Kaza opens his mouth to reply, but before he can, a strong "come in" issues from the other side of the wooden door.

Sholu is seated in Somitu's old chair still, never having replaced it with one more suiting his tastes. He must like the appropriation, the implied metaphor of dominance. I might laugh at making metaphors of wood and fabric if seeing him sitting there wasn't so damn infuriating.

"O'otani," he says as I walk in, a slow smile thawing his icy features. "It's lovely to see you."

"I can't say the same," I remark, pulling out the chair in front of his desk and sitting down before he asks me to. I make a show of reclining, of mimicking him and placing both my arms on the arm rests, trying to look at ease. I might as well have put my feet up on his desk, as far as Shikkan etiquette goes.
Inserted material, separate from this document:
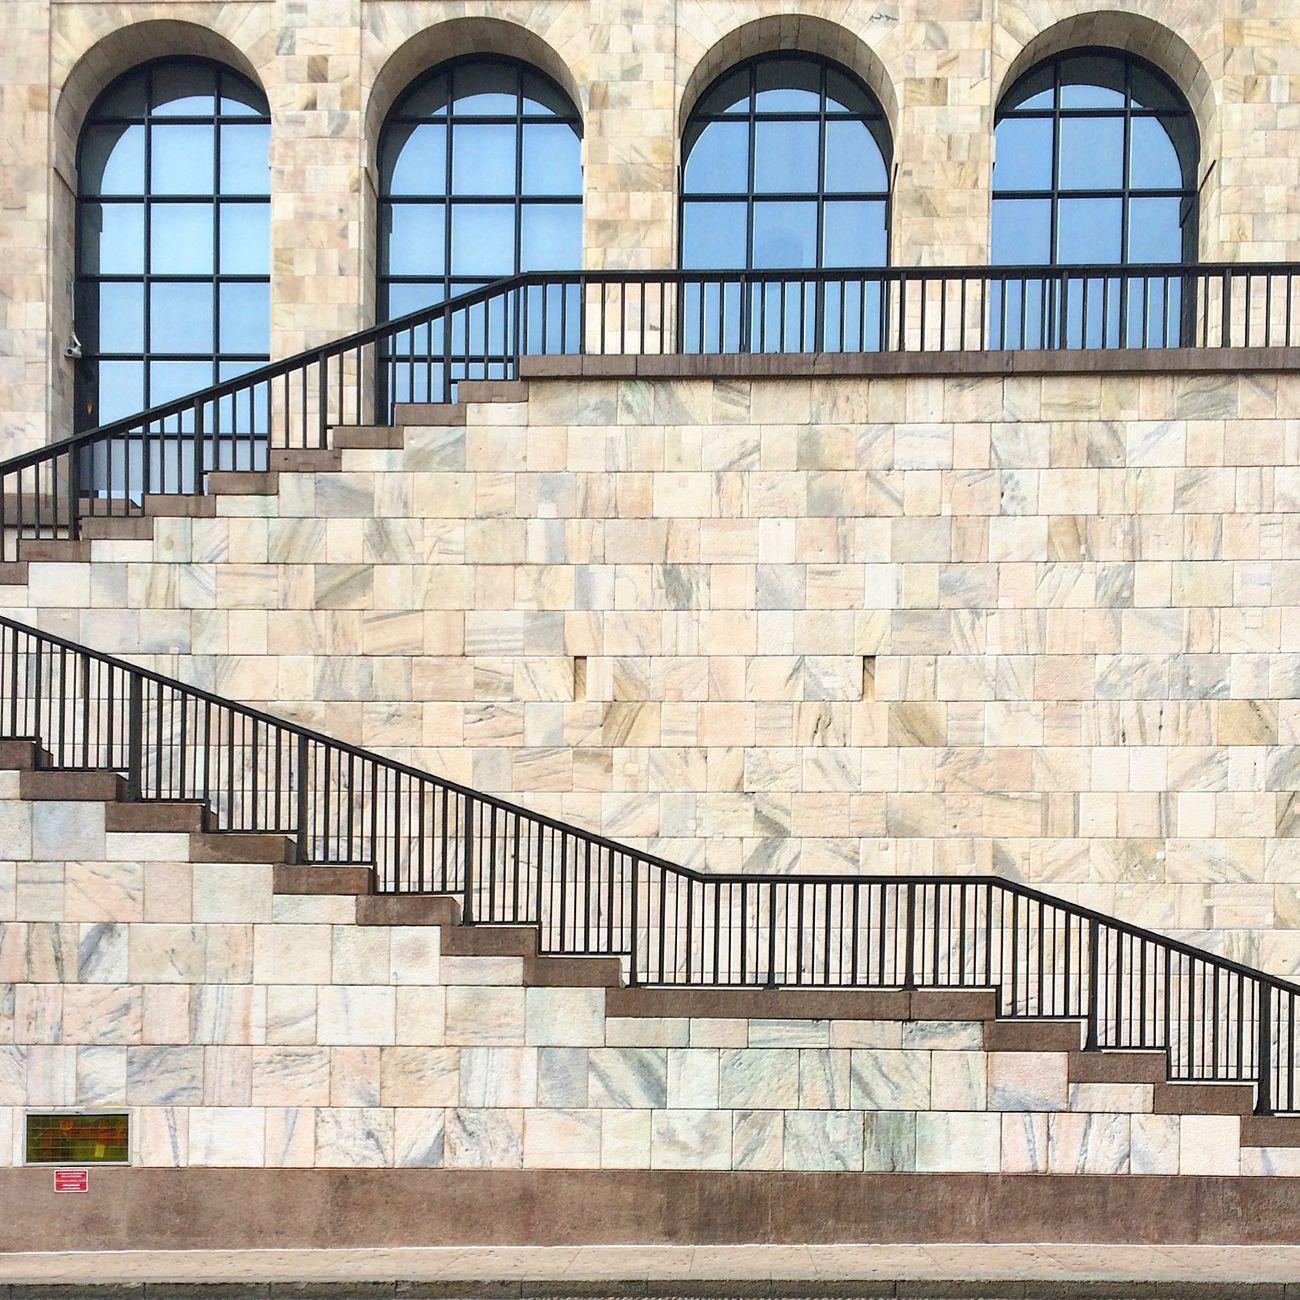 Mymilan Milano Lombardia Italy Piazzaduomo Museo Del Novecento Museo City Architecture Architectural Detail Milanodavivere

Instead of ire, his smile widens. "No, I don't imagine you can," he says, fiddling with a quill. He brushes the feather between his thumb and forefinger again and again, almost like he's stroking it. "Not knowing how we parted."

It all comes back to me in a flash. The strange gleam of his eyes, his lips pressing so violently against mine, my fist colliding with his face. The blood crusted on my ring afterwards. I straighten up involuntarily, reliving the ghost of those initial emotions.

"The look on your face..." he says with a low chuckle. "Goddess, you looked at me like I'd inflicted a mortal wound instead of a kiss."

"I would have liked a mortal wound better," I retort.

"I imagine you would have. Violence is the only language you speak when it comes to me, isn't it?"

"How could it be any other way?" I ask, for once honest in my curiosity. "You've taken everything from me, Sholu. Did you honestly imagine I would welcome a kiss from you?"

"No," he sighs. "No, I suppose not. It was too sudden. I was carried away." He smiles faintly, touching his cheek. "But I don't regret it, I must confess. It was well worth the bruise."

I don't understand him. There's that thing in his eyes again, that sparkling depth I cannot explain away as power or greed or sheer psychopathy. It's insistent, yet soft. Full to the brim of- of something. I just wish I knew what. I feel like I'm standing in front of a locked door, missing the key, trying to guess what's behind it.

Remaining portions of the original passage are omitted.